TASK DESCRIPTION: Retype the listing exactly as it stands, and keep every image out.

SUPPLIED INFORMATION:
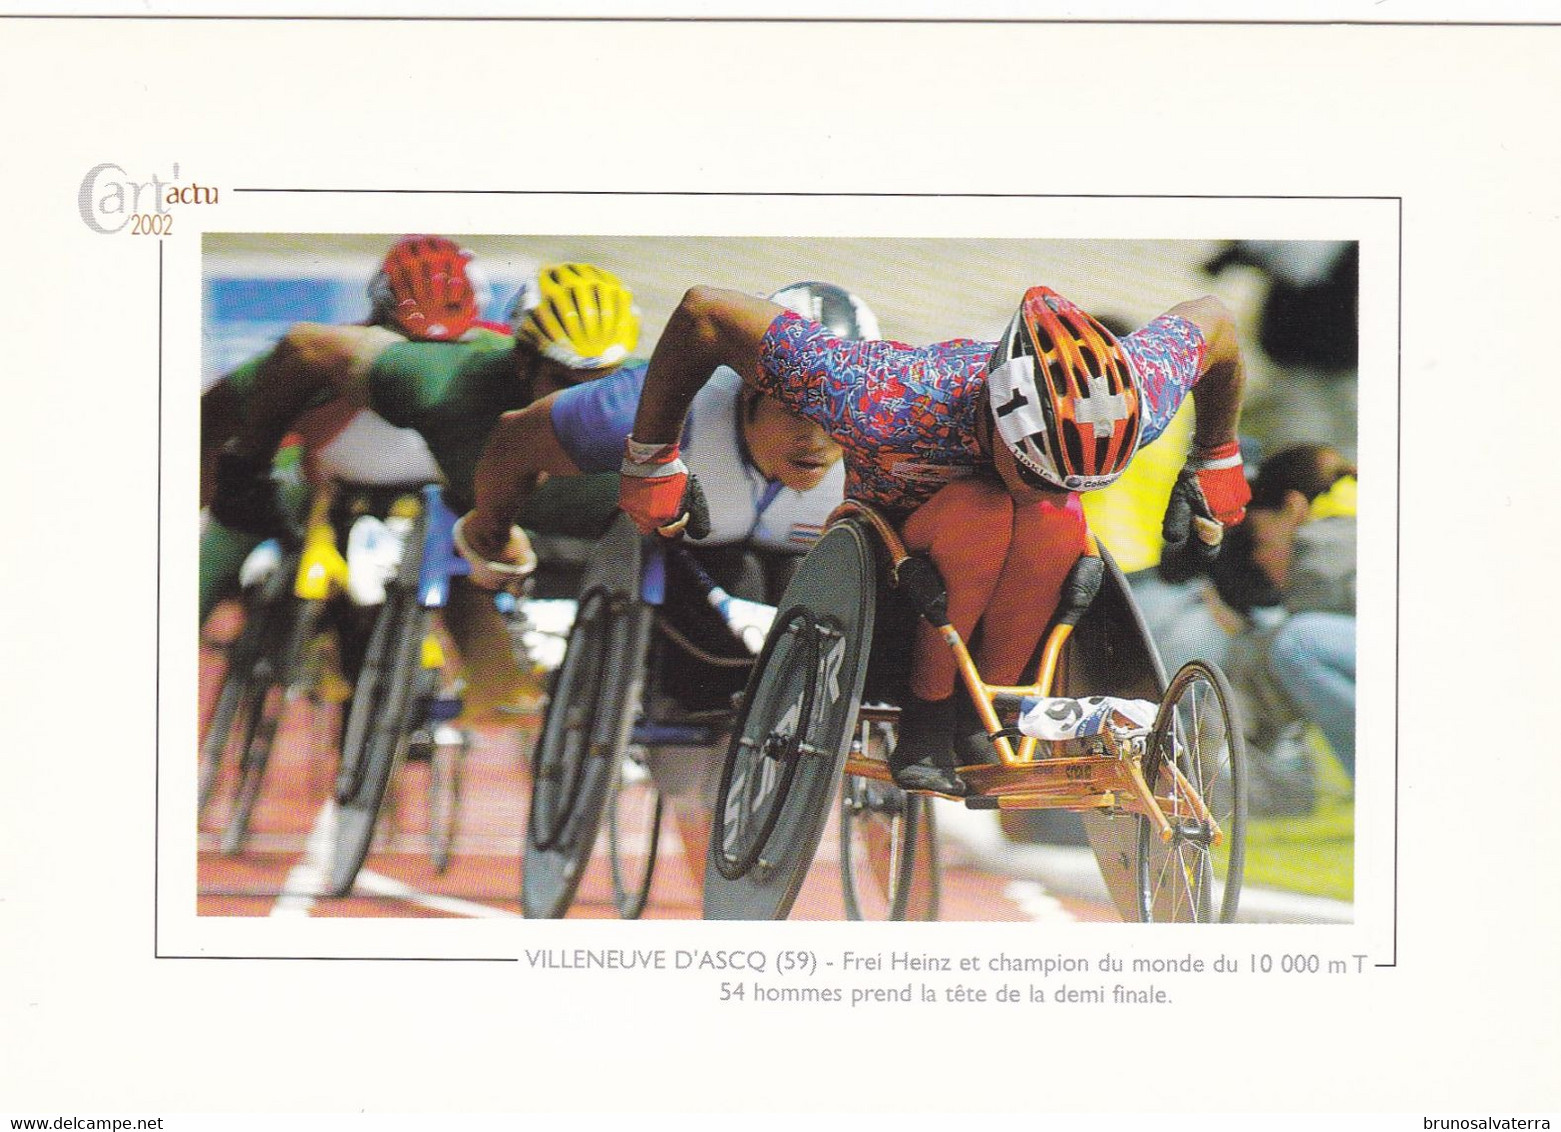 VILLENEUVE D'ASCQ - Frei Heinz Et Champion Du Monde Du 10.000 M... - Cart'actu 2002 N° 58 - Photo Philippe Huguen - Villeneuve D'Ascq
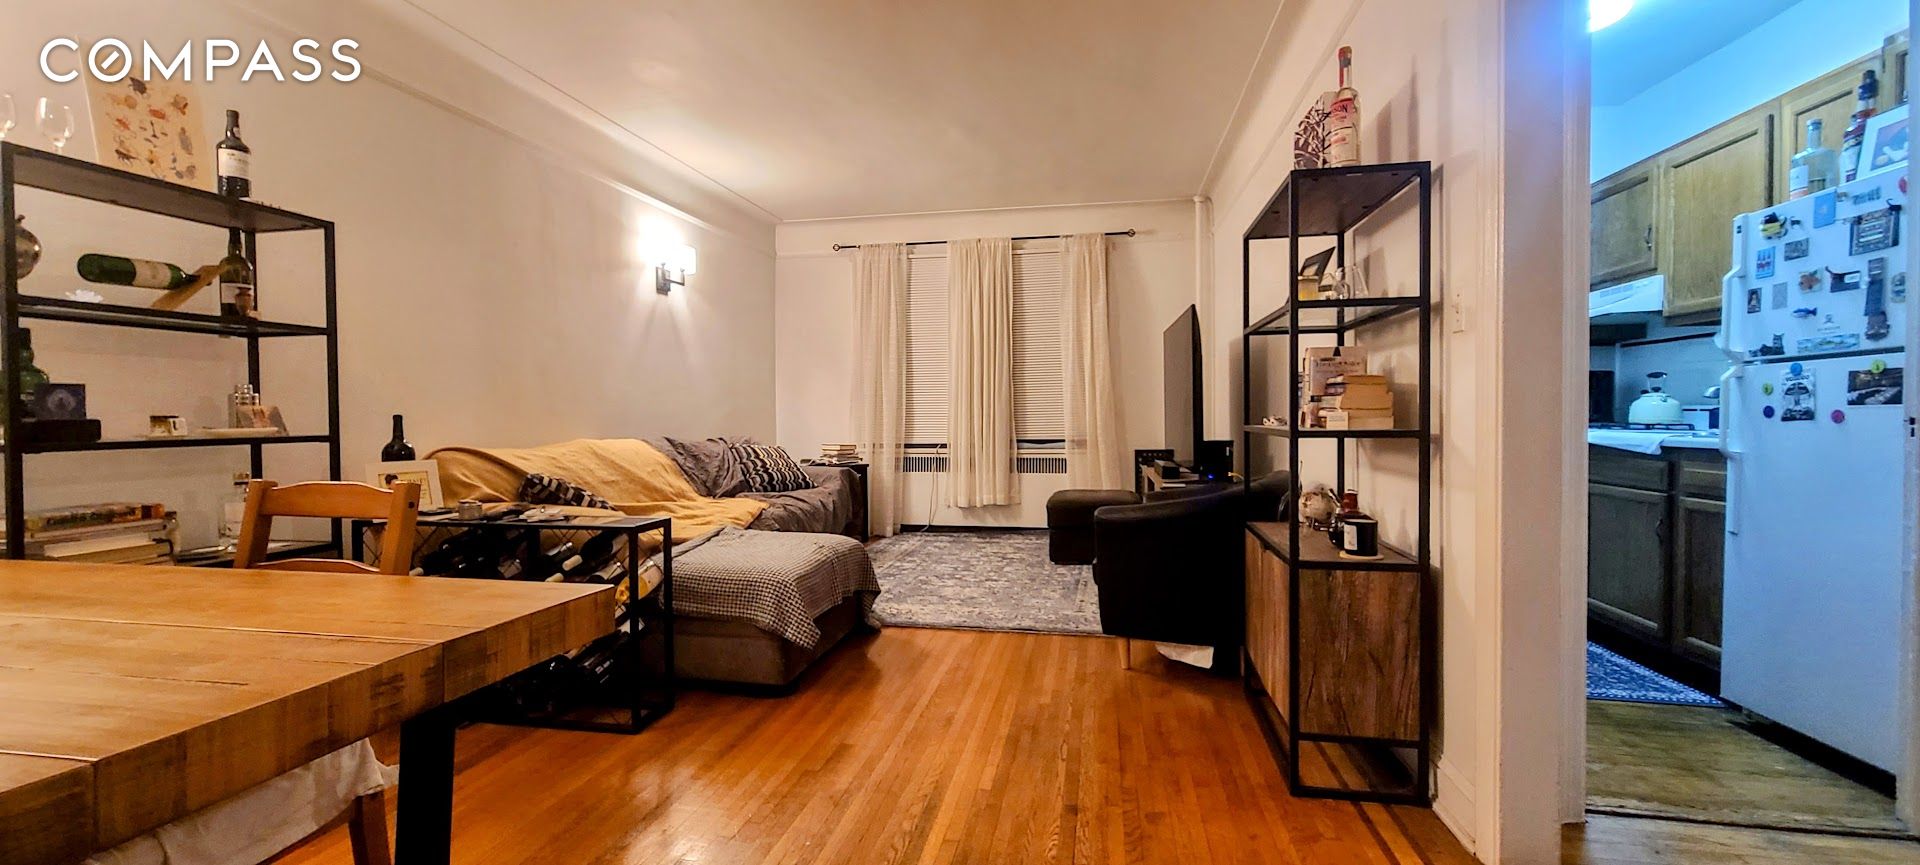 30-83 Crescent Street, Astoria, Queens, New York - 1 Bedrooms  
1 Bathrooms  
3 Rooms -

SOLUTION FOR THIS PROBLEM:
 VILLENEUVE D'ASCQ - Frei Heinz Et Champion Du Monde Du 10.000 M... - Cart'actu 2002 N° 58 - Photo Philippe Huguen - Villeneuve D'Ascq
 30-83 Crescent Street, Astoria, Queens, New York - 1 Bedrooms  
1 Bathrooms  
3 Rooms -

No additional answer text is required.